United States v. Crimmins, 123 F.2d 271 (2d Cir. 1941), was a case before the United States Court of Appeals for the Second Circuit about conspiracy to transport stolen securities in interstate commerce, 18 U.S.C. § 415 (1940 ed.). John D. Crimmins, a lawyer practicing in Syracuse, New York, was convicted for his part in a conspiracy in which he bought stolen securities from an accomplice who also lived in New York. Crimmins appealed on the grounds that he did not know the bonds had been transported across state lines.

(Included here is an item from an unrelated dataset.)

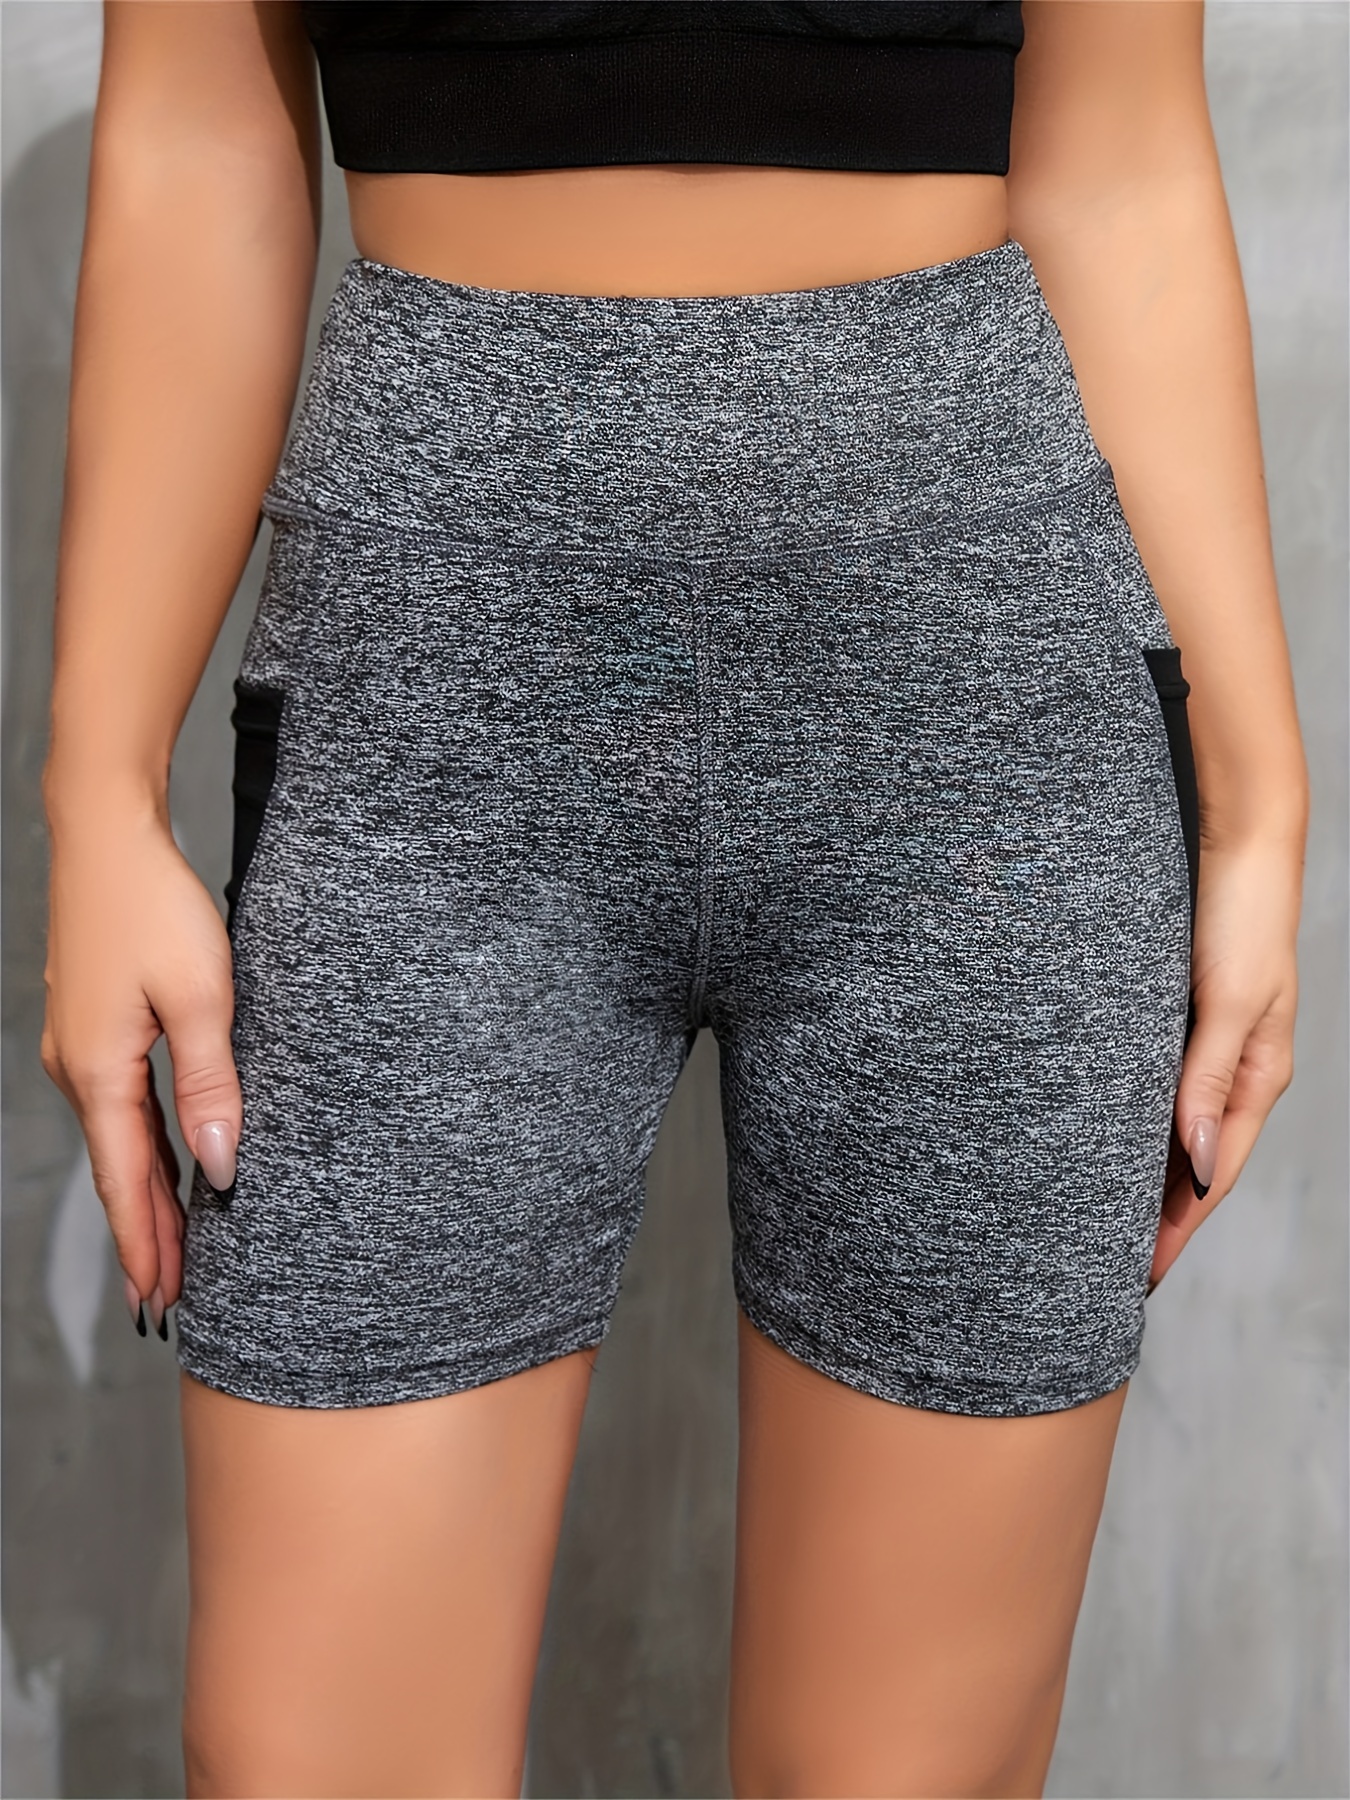 Pantalones cortos de LICRA sin costuras para mujer, mallas deportivas con  realce de glúteos para Yoga, correr, ciclismo, Fitness, cintura alta,  gimnasio - AliExpress

Judge Learned Hand wrote the court's opinion. He reasoned that a jury may have found Crimmins guilty of the substantive offense of using interstate commerce in the commission of a crime because he knowingly bought stolen bonds even if he didn't know where they were from, but that "It is never permissible to enlarge the scope of the conspiracy itself by proving that some of the conspirators, unknown to the rest, have done what was beyond the reasonable intendment of the common understanding". According to Hand, people can only be charged for the actions of co-conspirators that were mutually agreed upon. He gave the analogy, "While one may, for instance, be guilty of running past a traffic light of whose existence one is ignorant, one cannot be guilty of conspiring to run past such a light, for one cannot agree to run past a light unless one supposes that there is a light to run past".

In United States v. Feola (1975), the Supreme Court rejected Hand's analogy, holding that conspiracy to assault a federal agent required no greater mens rea than the substantive crime of assault.